Transcribe only the stretch of lines that opens with the line containing "De computer op" and closes with the last line of the listing, skipping pictures.

DATA SECTION:

[Start of Attachment]

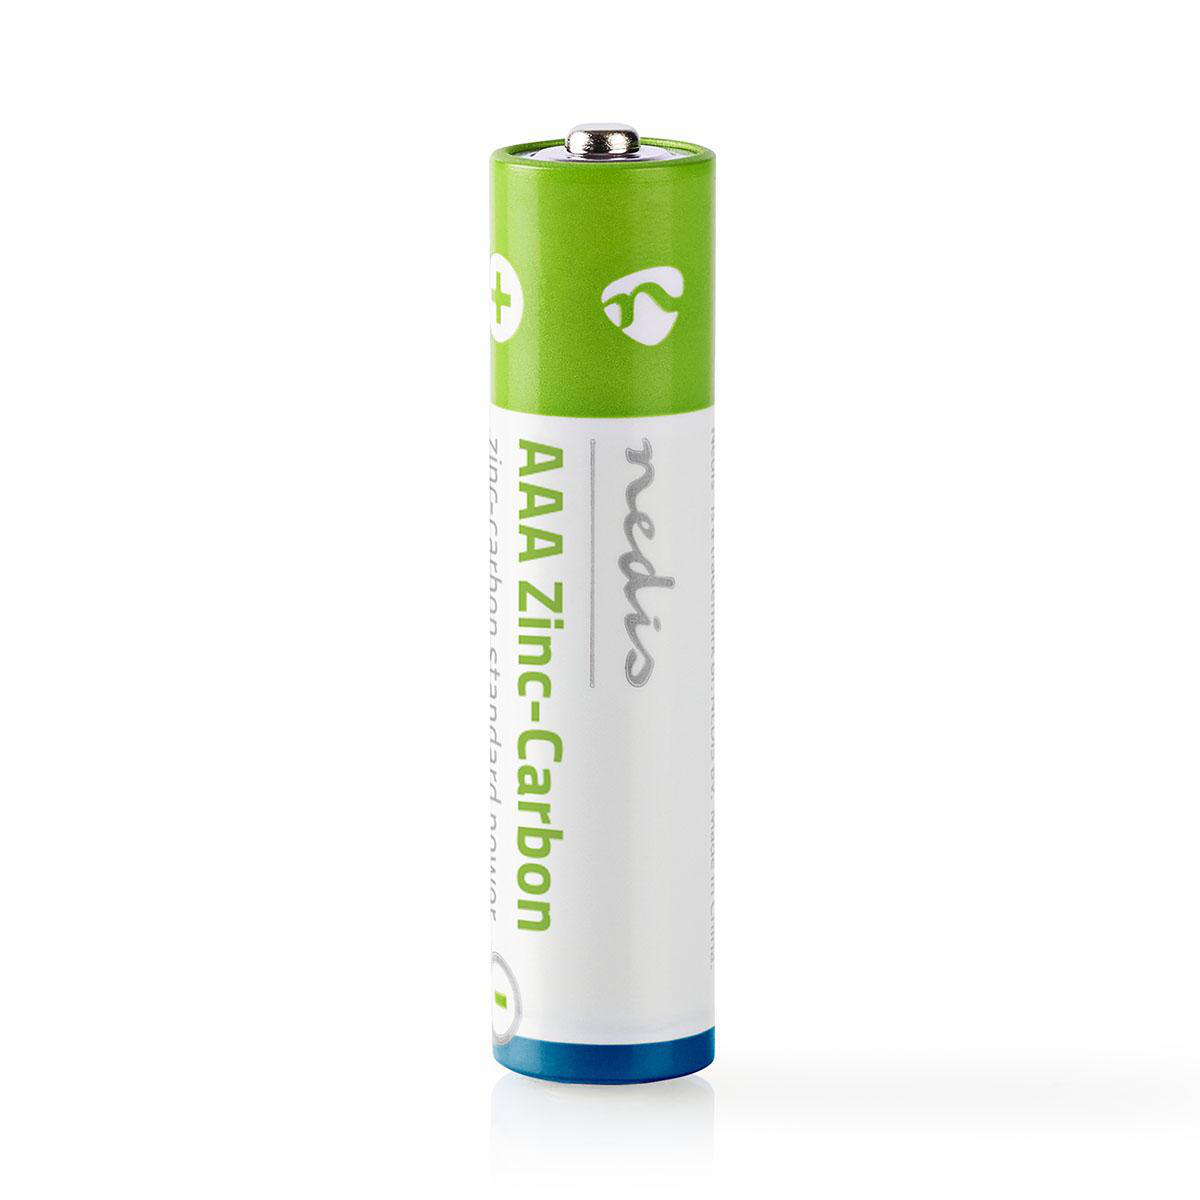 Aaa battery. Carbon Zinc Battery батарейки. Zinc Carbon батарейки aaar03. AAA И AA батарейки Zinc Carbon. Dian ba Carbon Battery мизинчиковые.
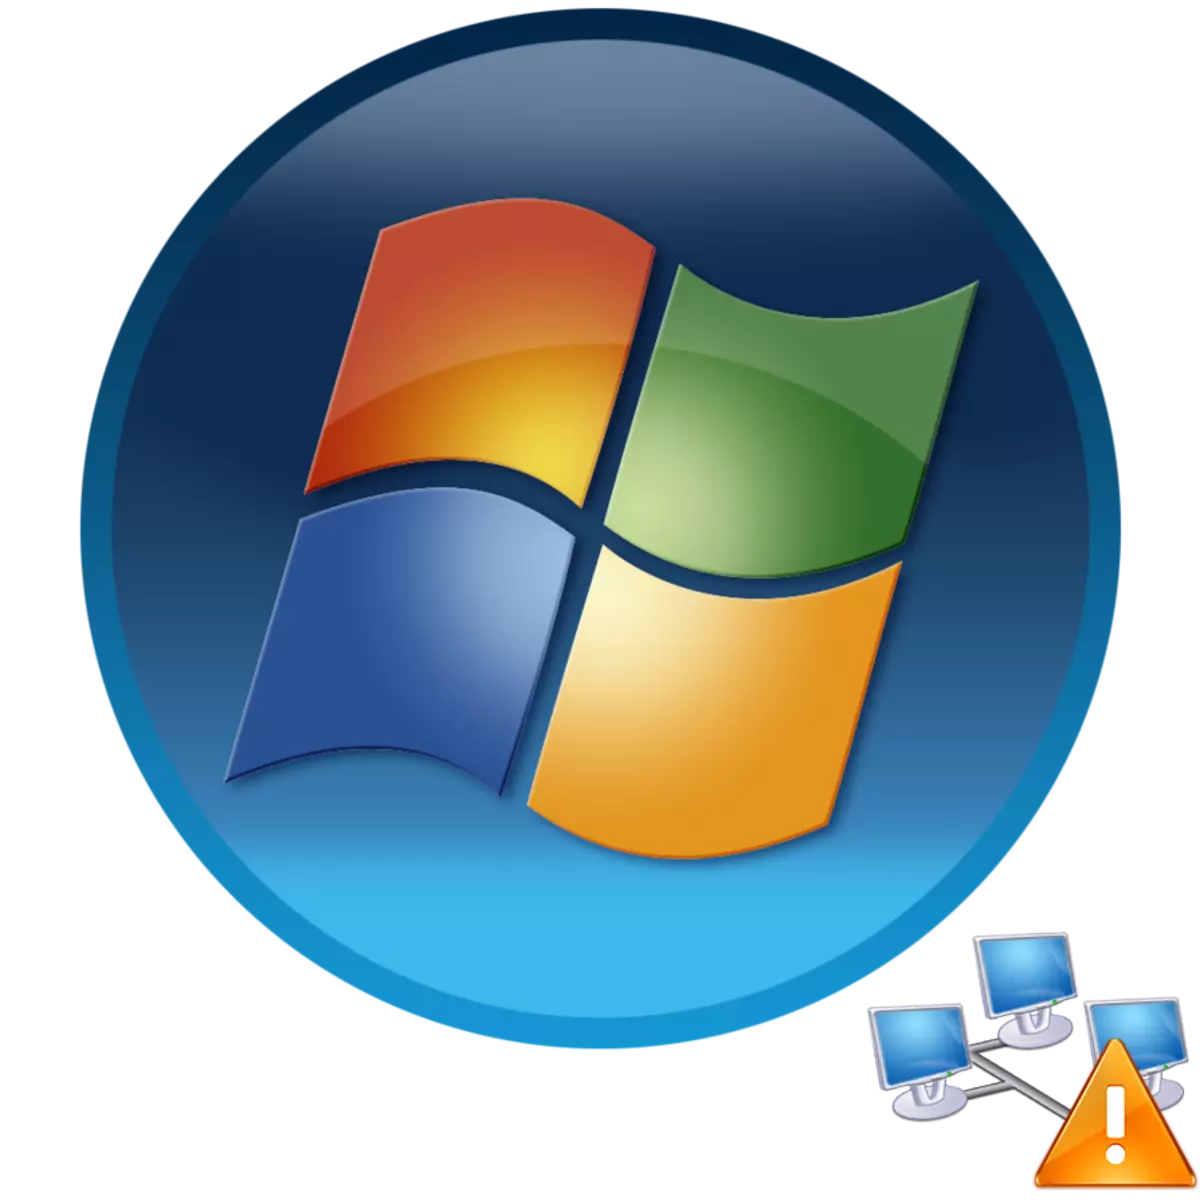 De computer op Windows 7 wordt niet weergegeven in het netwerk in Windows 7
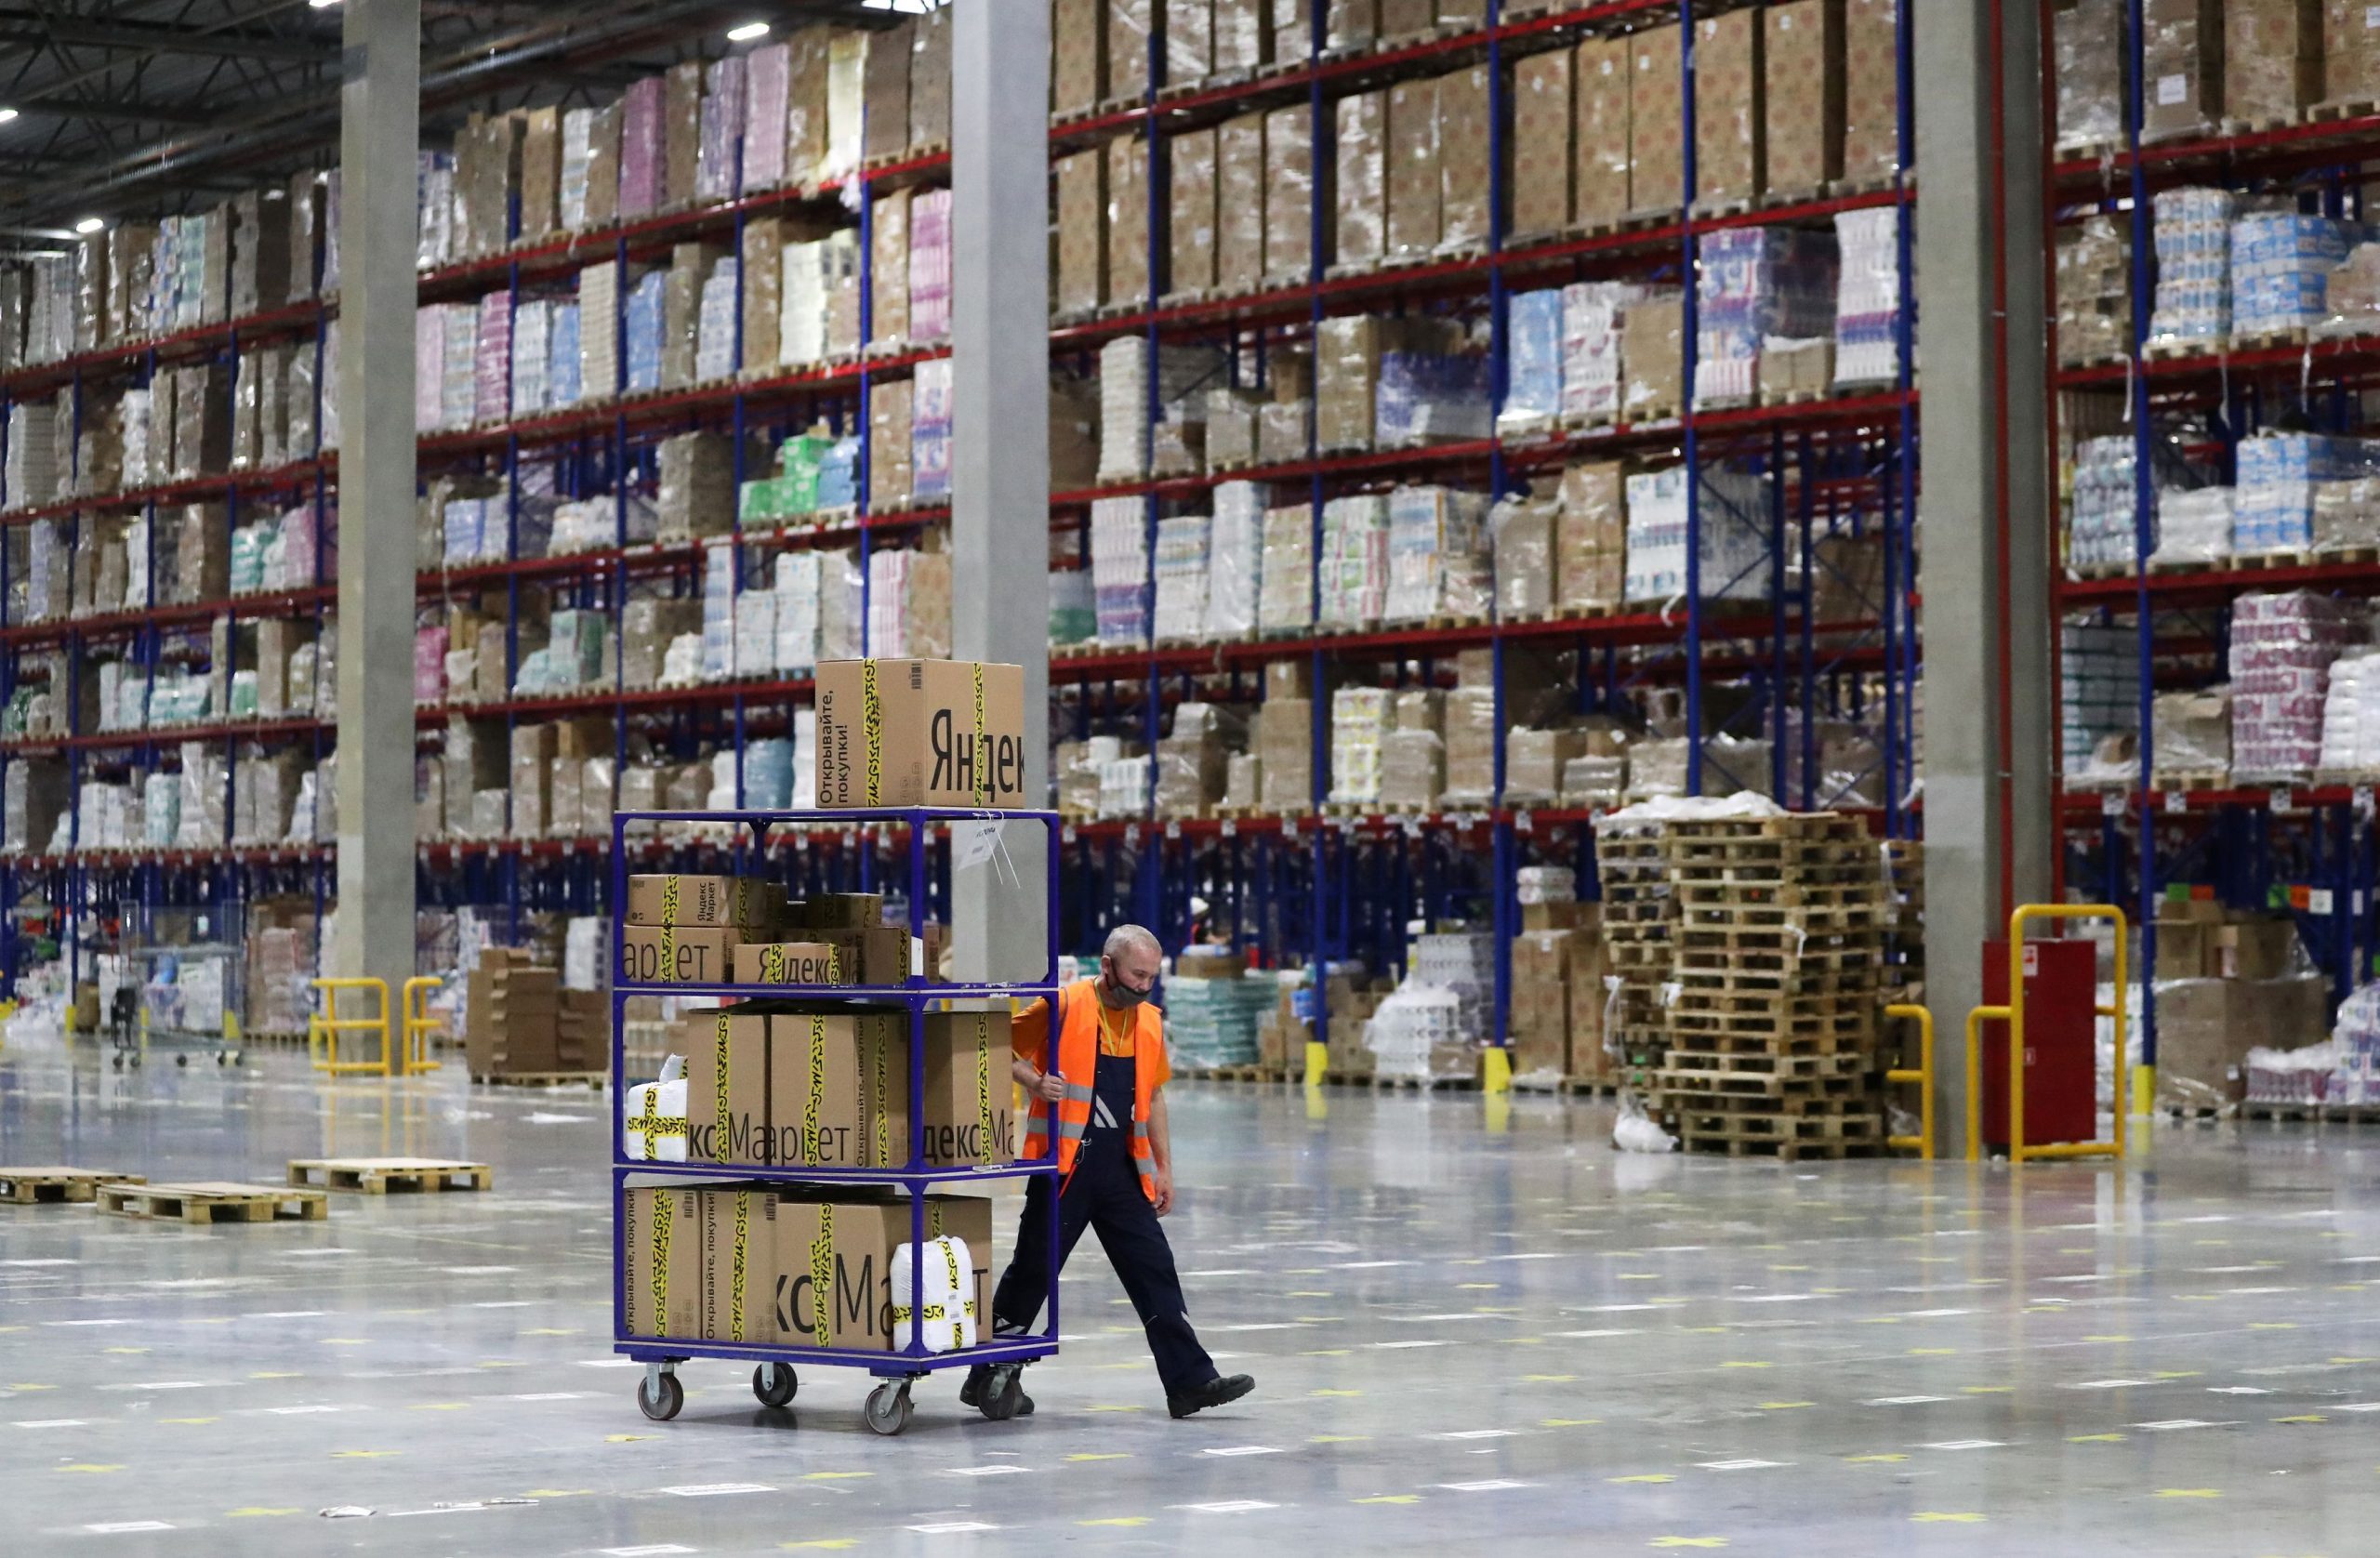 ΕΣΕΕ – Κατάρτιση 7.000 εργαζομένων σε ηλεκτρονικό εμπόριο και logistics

[End of Attachment]

EXERCISE RESULT:
 De computer op Windows 7 wordt niet weergegeven in het netwerk in Windows 7
 ΕΣΕΕ – Κατάρτιση 7.000 εργαζομένων σε ηλεκτρονικό εμπόριο και logistics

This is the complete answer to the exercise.